Sunday, April 17th, 2011
This recipe is completely non-vintage; I came up with it while musing on a Horseradish Challenge over at Food 52. If you’re still looking for a Seder dessert for Monday, here’s one that’s Passover-inspired, Passover-friendly, and totally new…
The description for the contest mentioned horseradish on the Seder plate, and my first thought was of the “Hillel Sandwich” Ashkenazi Jews (like my dad’s family) eat during the Seder. This “sandwich” consists of matzoh topped with horseradish and charoset (a mixture of apples and nuts with sweet wine), and is named for the famous Rabbi Hillel. I have always loved the way the spicy horseradish cuts the sweetness of the charoset and balances the bitterness of the walnuts, so decided to turn the Hillel Sandwich into a dessert. The walnut-horseradish frangipane which forms the base of the tart is deliciously easy: just blend the nuts and radish up in the food processor with butter and sugar. There’s just enough radish in here to give a tiny bit of a kick and balance other flavors – not so much that you really taste it. Think of it as the Jewish answer to Mexican chocolate with chiles…

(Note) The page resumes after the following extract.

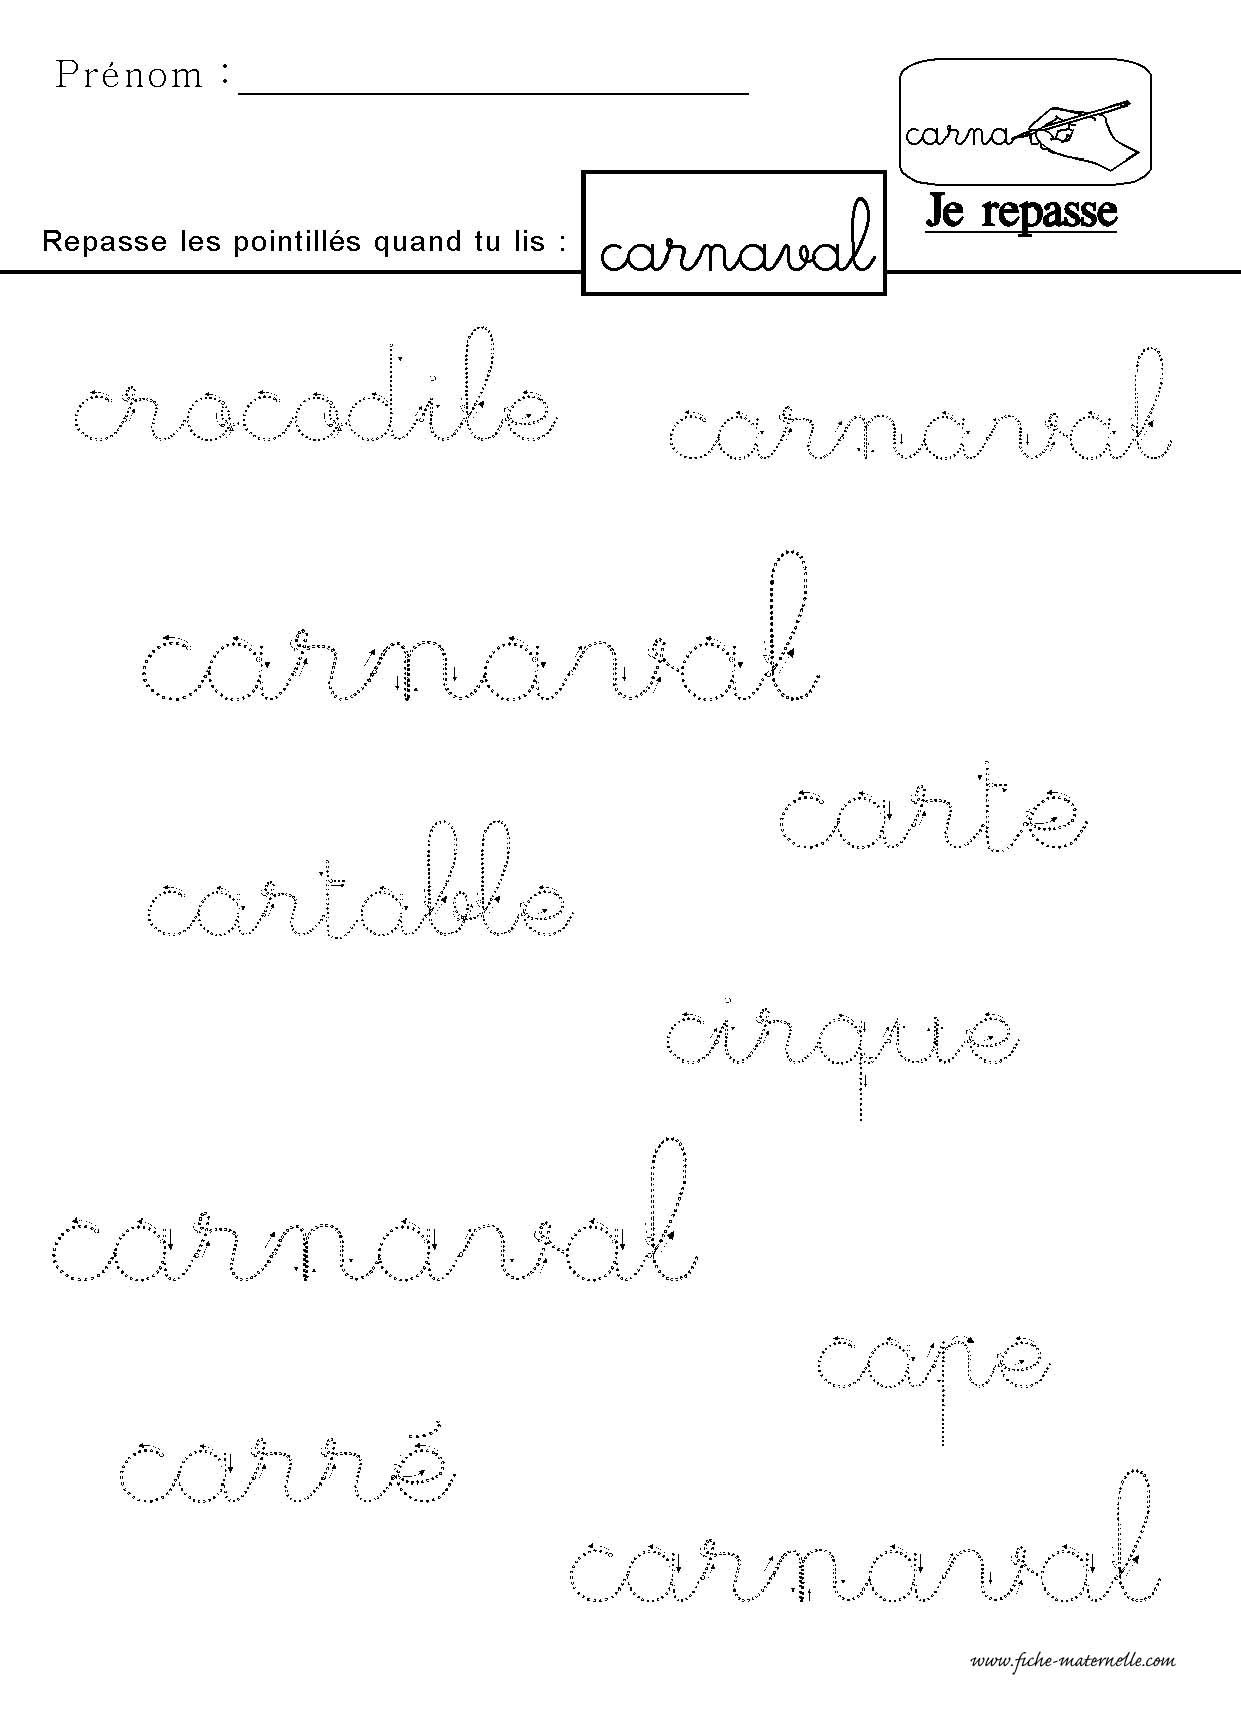 Ecrire le mot "carnaval" en lettres cursives

I used Mark Bittman’s tart pastry recipe for the tart pictured; I’ve written the recipe, however, so that a matzoh crust can easily be substituted during Passover. Just couldn’t bring myself to brave matzoh…I’m not keeping Pesach this year, but I’ve done so enough to shy away from the stuff. Let’s revel in some chametz while we can – and get a little tart-making lesson.
I always make pie and tart doughs in the food processor: this keeps your butter nice and cold, and thus prevents it from getting worked into the flour too much. Overworked dough equals tough crust. When dough is done and rolled out, I always find the best way to move it to the pan is to drape the middle of it over your rolling pin, and then lift it and sweep it into the pan in one smooth motion.
Press the dough into the bottom of the pan, and cut off the edges hanging over the side. We’re making a tart, and are going to blind bake our crust so prick the bottom of it all over with a fork.
Weigh the crust down with pie weights (or beans) in foil.
Now, pour in the frangipane and stick the apples in, curved side up. I tend to get pretty OCD about keeping mine in a pretty pattern.
The apples get brushed with a little buttery wine reduction – use Manischewitz if you’re really getting into the swing of things.
And now, get in one last tart ogle before you kiss flour goodbye for 8 days…
Apple Tart with Walnut-Horseradish Frangipane (Serves 8-10)
1 tart crust of choice (pate sucree or matzoh meal crust**)
2 medium apples (Gala work well)
1 c. chopped walnuts
1 large egg
6 tbsp. unsalted butter (or margarine if you’re having a meat meal)
1/4 tsp. salt
1/2 c. sugar
1 tbsp. prepared white horseradish
2 tbsp. red wine
1 tbsp. honey
1/2 tsp. ground cinnamon
1. Core the apples and slice them very thin (1/8-inch thickness or less). Place the walnuts, salt, sugar, egg, horseradish, and 4 tablespoons of the butter in a food processor and pulse until blended into a rough paste.
2. Prick your crust all over with a fork, cover it with aluminum and pie weights or dry beans, a blind bake it at 425 degrees – 15 minutes for pate sucree, 10 for matzoh. Remove the crust from the oven, gently lift the aluminum and weights off, and turn the oven down to 375 degrees.
3. Melt the remaining 2 tablespoons of butter and whisk in the wine, honey, and cinnamon over low heat. Remove from heat immediately when the ingredients have blended into a viscous glaze.
4. Pour the walnut paste into the par-baked tart shell and push apple slices, curved side up, into the paste. Press the slices as close together as possible without letting them touch. Brush the top of the tart with the wine glaze.
5. Bake for 30 to 40 minutes in the 375 degree oven, until the walnut frangipane bubbles up around the fruit. Cool to room temperature before serving.
**To get rid of all the chametz…here’s a classic Matzoh Pie Crust (from the Complete American Jewish Cookbook): Soak 4 matzohs in water for 5 minutes, drain, and squeeze them dry. Heat 2 tablespoons vegetable oil or margarine, add the matzohs and heat until they dry out, then mix in a medium bowl with 1/2 cup matzoh meal, 4 eggs, 4 tablespoons sugar, and 1/2 teaspoon salt. Pat into the bottom of a pie or tart pan and blind bake for 10 minutes (as you would a graham cracker crust) before filling.
For the filling, sub margarine for butter if you’re having a meat meal.